You don’t need a browser. You can use faster xhr. Grab the table and loop the rows then the columns populating a pre-sized array (be sure to remove the rows where headers are. They can be identified as having [colspan='2'] in their first td). Then transpose the array and write to sheet.

Option Explicit

Public Sub TransposeTable()
    Dim xhr As MSXML2.XMLHTTP60, html As MSHTML.HTMLDocument, table As MSHTML.htmltable
    'required VBE (Alt+F11) > Tools > References > Microsoft HTML Object Library ;  Microsoft XML, v6 (your version may vary)

    Set xhr = New MSXML2.XMLHTTP60
    Set html = New MSHTML.HTMLDocument
    '  7NXBG2 ;  8QT2E3

    With xhr
        .Open "GET", "https://www.chrono24.com/watch/8QT2E3", False
        .send
        html.body.innerHTML = .responseText
    End With

    Set table = html.querySelector(".specifications table")

    Dim results(), rowCountToExclude As Long

    rowCountToExclude = html.querySelectorAll(".specifications table [colspan='2']").Length
    ReDim results(1 To table.rows.Length - rowCountToExclude, 1 To table.getElementsByTagName("tr")(0).Children(0).getAttribute("colspan"))

    Dim r As Long, c As Long, outputRow As Long, outputColumn As Long, html2 As MSHTML.HTMLDocument

    Set html2 = New MSHTML.HTMLDocument

    For r = 0 To table.getElementsByTagName("tr").Length - 1
        Dim row As Object

        Set row = table.getElementsByTagName("tr")(r)
        html2.body.innerHTML = "<body> <table>" & row.outerHTML & "</table></body> "

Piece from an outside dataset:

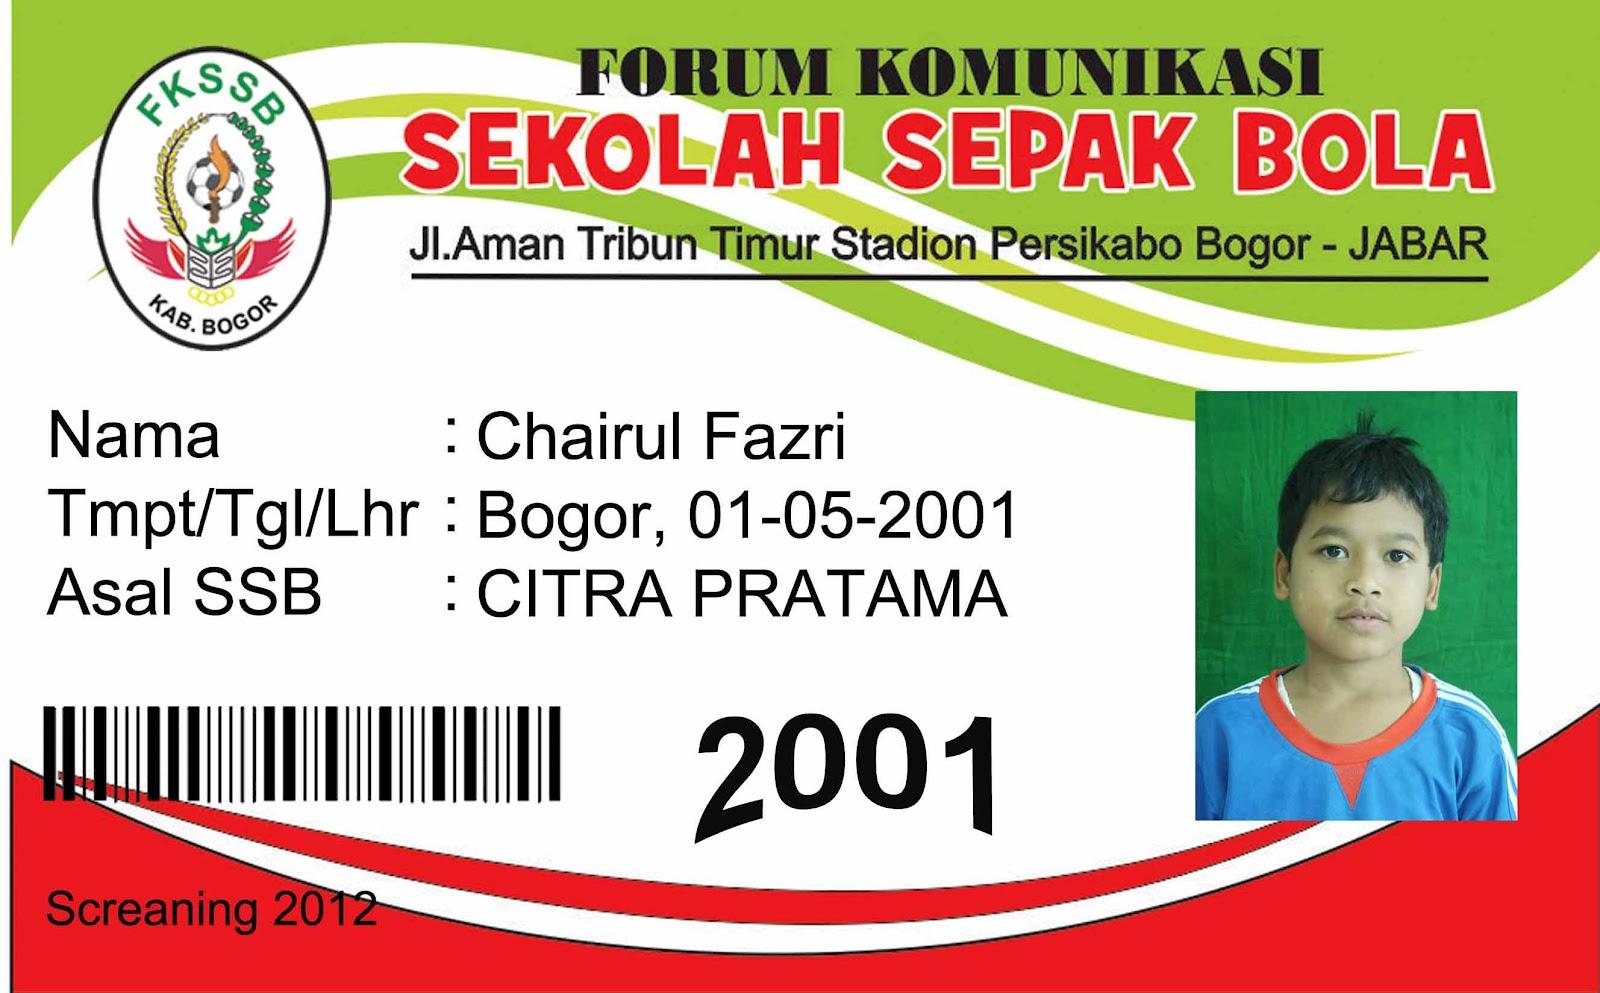 Contoh Id Card Pemain Fkssb Fkssb Kab Bogor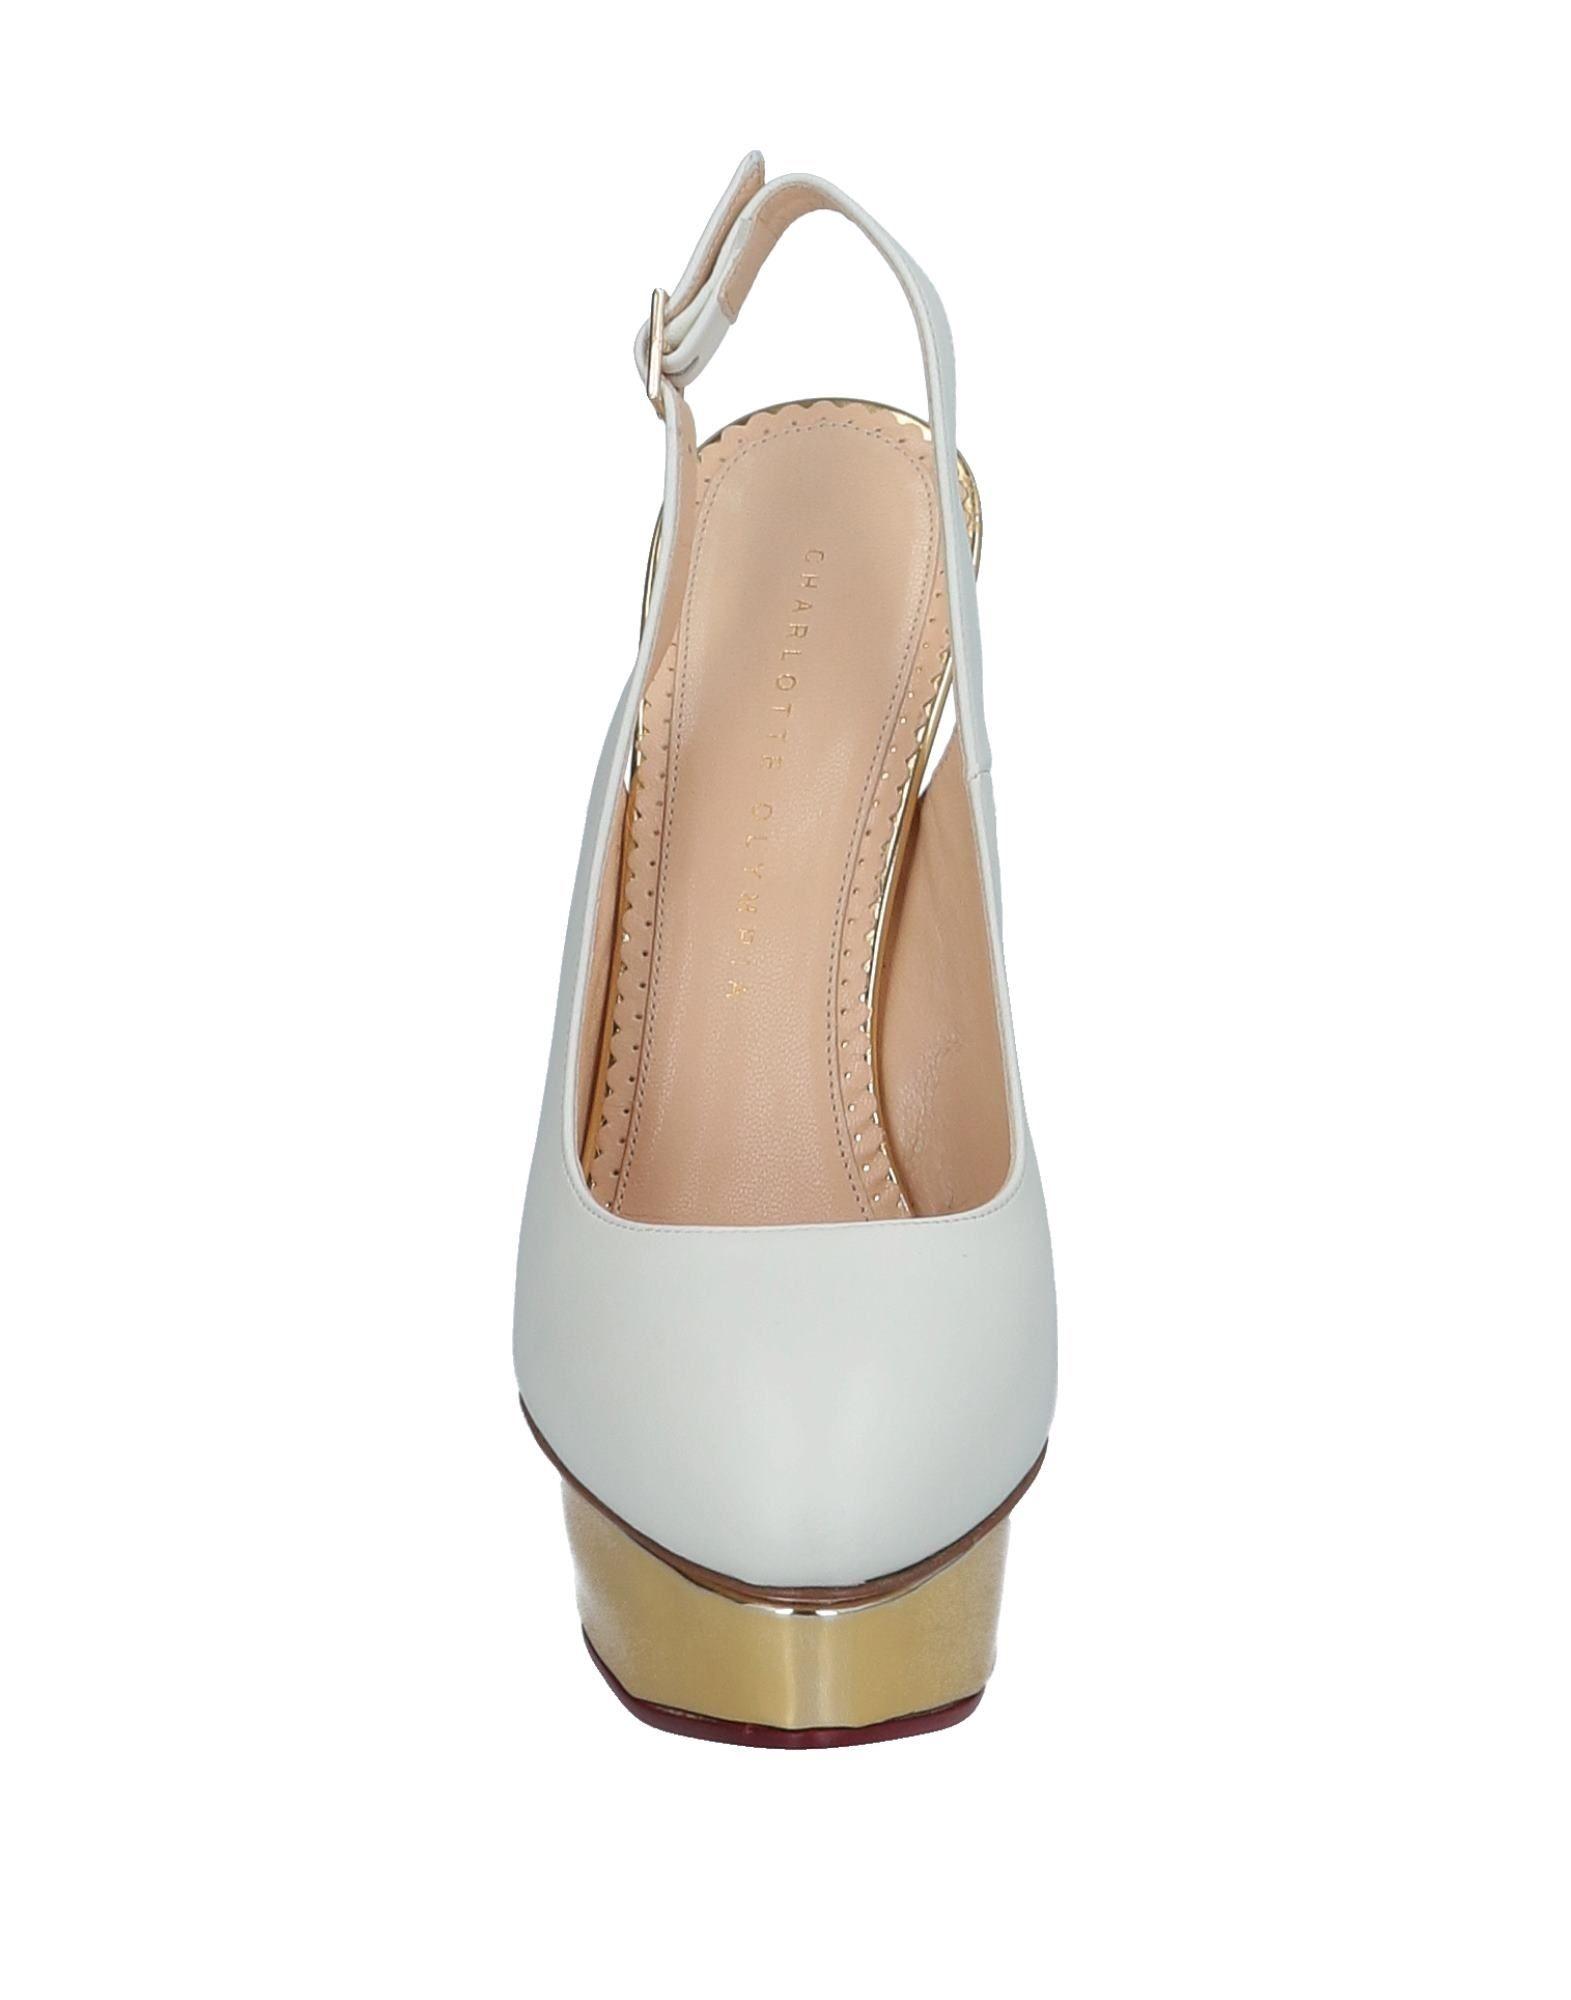 Rabatt Schuhe  Charlotte Olympia Pumps Damen  Schuhe 11544173AP 5e9302

        If html2.querySelectorAll("[colspan='2']").Length = 0 Then
            outputRow = outputRow + 1: outputColumn = 1
            For c = 0 To row.getElementsByTagName("td").Length - 1
                results(outputRow, outputColumn) = row.getElementsByTagName("td")(c).innerText
                outputColumn = outputColumn + 1
            Next
        End If
        Set row = Nothing
    Next

    results = Application.Transpose(results)
    ActiveSheet.Cells(1, 1).Resize(UBound(results, 1), UBound(results, 2)) = results
End Sub